Le piège, à ce stade de la préparation, est de restreindre arbitrairement le sujet ou de partir sur une
mauvaise voie en ne recherchant pas une définition exacte et complète de chaque terme.
Soyez attentif à tous les termes du sujet. Procédez par conséquent à une étude sémantique, consistant à
définir les mots importants, puis à une analyse grammaticale. Les articles définis ou indéfinis, les mots
de liaison comme « ou », « et », les adverbes et les signes de ponctuation ne sont pas là par hasard ! Ils
influent considérablement sur le sens du sujet. Tenez également compte des temps et des modes
employés. Attention ! La plupart des hors sujets résultent de la négligence d’un terme ou d’un indice
grammatical. Rater un examen, une année universitaire, parce qu’on a confondu un « et » avec un
« ou », alors que l’on connaissait son cours sur le bout des doigts, il y a de quoi « se mordre les
doigts » !
Pour gagner du temps lors de la recherche de la problématique, analysez le sujet sous forme de tableau
ou de schéma de manière à confronter les informations. La problématique naît en effet de cette
confrontation. La mise en valeur des contradictions soulevées par le sujet vous permet de cerner et de
formuler plus rapidement cette problématique.
-
Recherche et formulation de la problématique
Une fois l’analyse du sujet achevée, vous possédez déjà une idée de la problématique, c’est-à-dire de
la question importante et sujette à discussion que vous devez traiter. Selon l’intitulé du sujet, cette
problématique est plus ou moins apparente. Mais, même sous-jacente, elle doit vous « sauter aux
yeux » à ce stade de préparation si votre analyse a été correctement menée. Il s’agit maintenant de la
préciser et de la formuler correctement.
Relisez encore le sujet afin de vous assurer que vous ne partez pas sur la mauvaise voie. Puis reprenez
les éléments dégagés par l’analyse et repérez les contradictions qui en résultent. Dégagez ensuite le fil
qui unit ces contradictions. Ce fil constitue la problématique, c’est-à-dire la question importante et
digne d’intérêt que vous devez soulever. Pour vous aiguiller, remémorez-vous aussi les points
importants et les débats soulignés par le professeur lors du cours relatif au thème abordé. Les sujets de
dissertation ont quasiment toujours été évoqués et/ou partiellement traités en cours.

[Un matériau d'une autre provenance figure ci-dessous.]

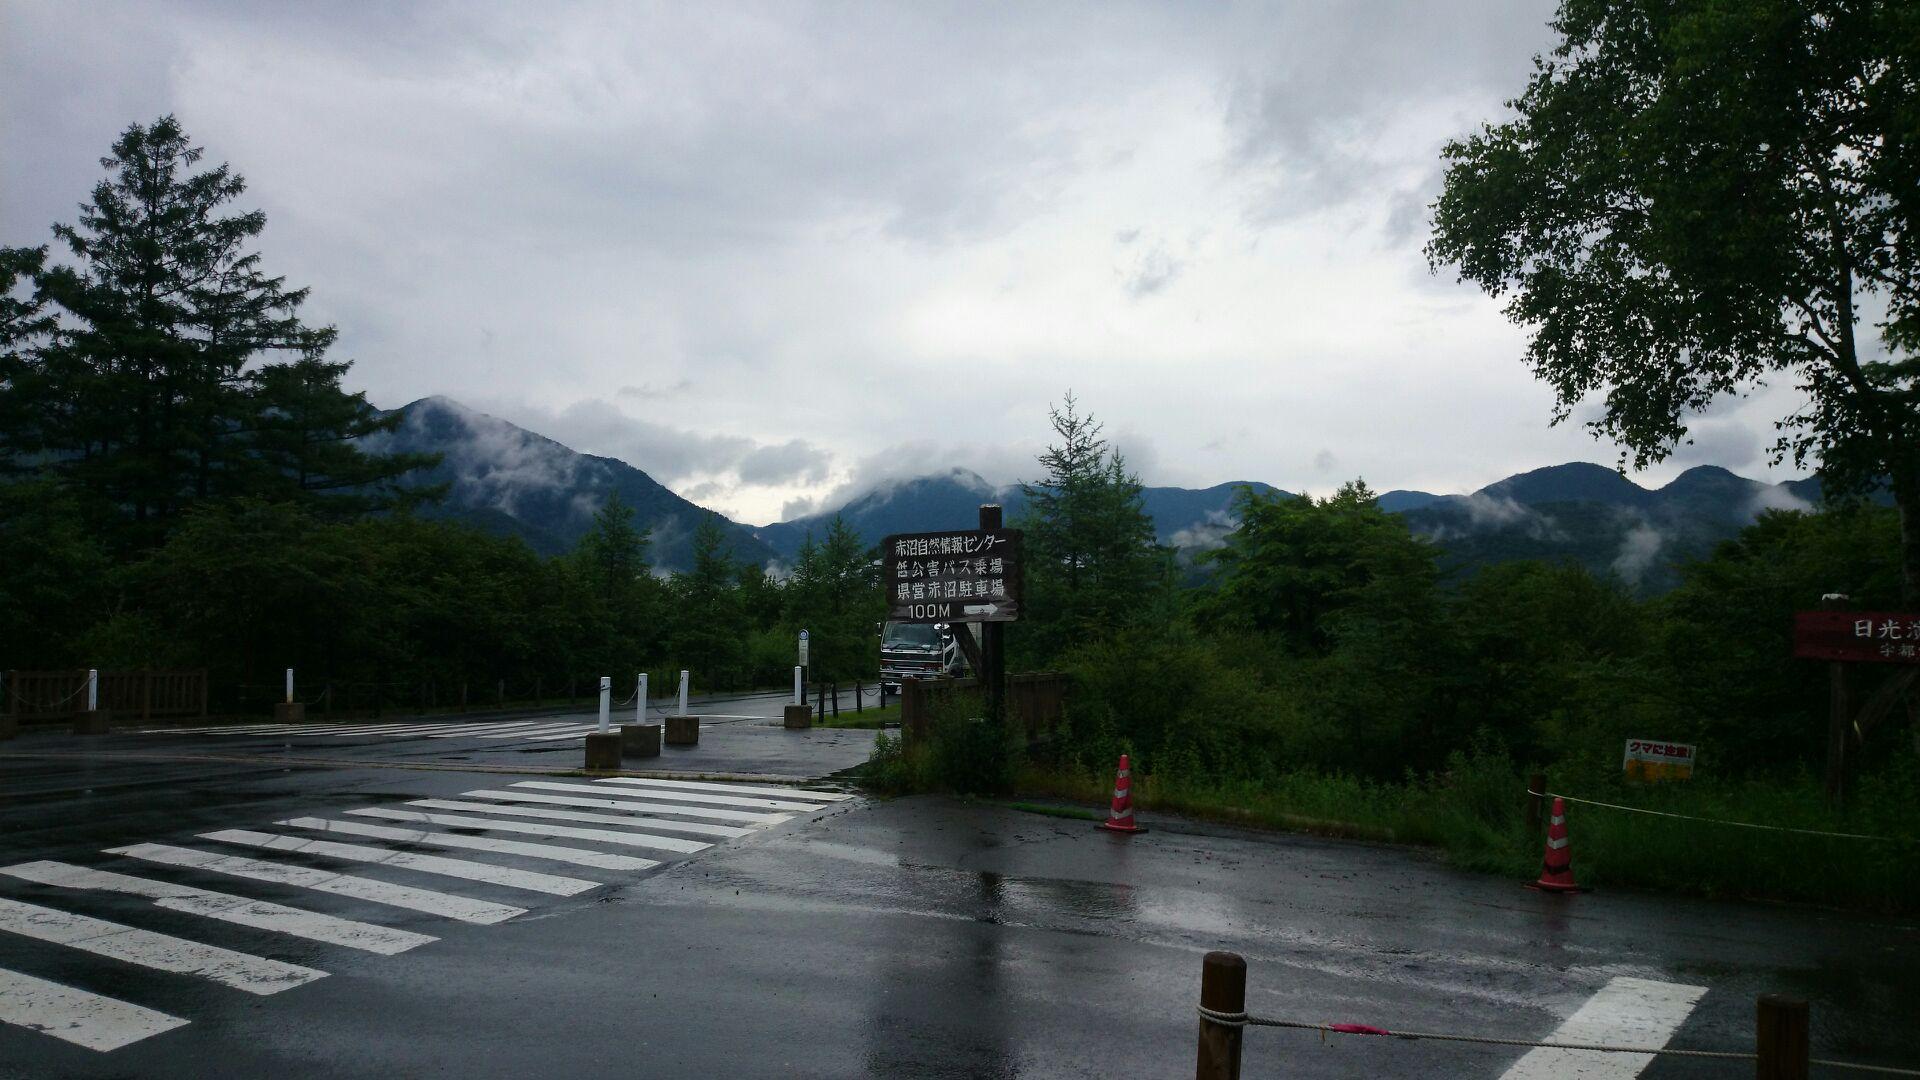 大雨の湯川

La problématique est identifiée, il faut maintenant la formuler. Attention, il ne s’agit pas de reprendre
le sujet sous la forme d’une question ! Vous l’avez constaté, l’identification de la problématique est le
fruit d’un long processus de réflexion. Vous devez exposer le résultat de ce processus. Votre
formulation doit être dynamique. Cela signifie que vous devez mettre en relief la problématique en
expliquant son intérêt et l’enjeu des différentes réponses que l’on peut y apporter. Pour trouver les
éléments de mise en relief, prenez du recul face au sujet en vous demandant pourquoi il vous est posé
aujourd’hui et si les données du problème ont ou vont évoluer ? Procédez par conséquent à une mise
en perspective dans le temps et dans l’espace du sujet.
Vous replacerez la problématique dans l’introduction que vous rédigerez une fois le plan détaillé bâti.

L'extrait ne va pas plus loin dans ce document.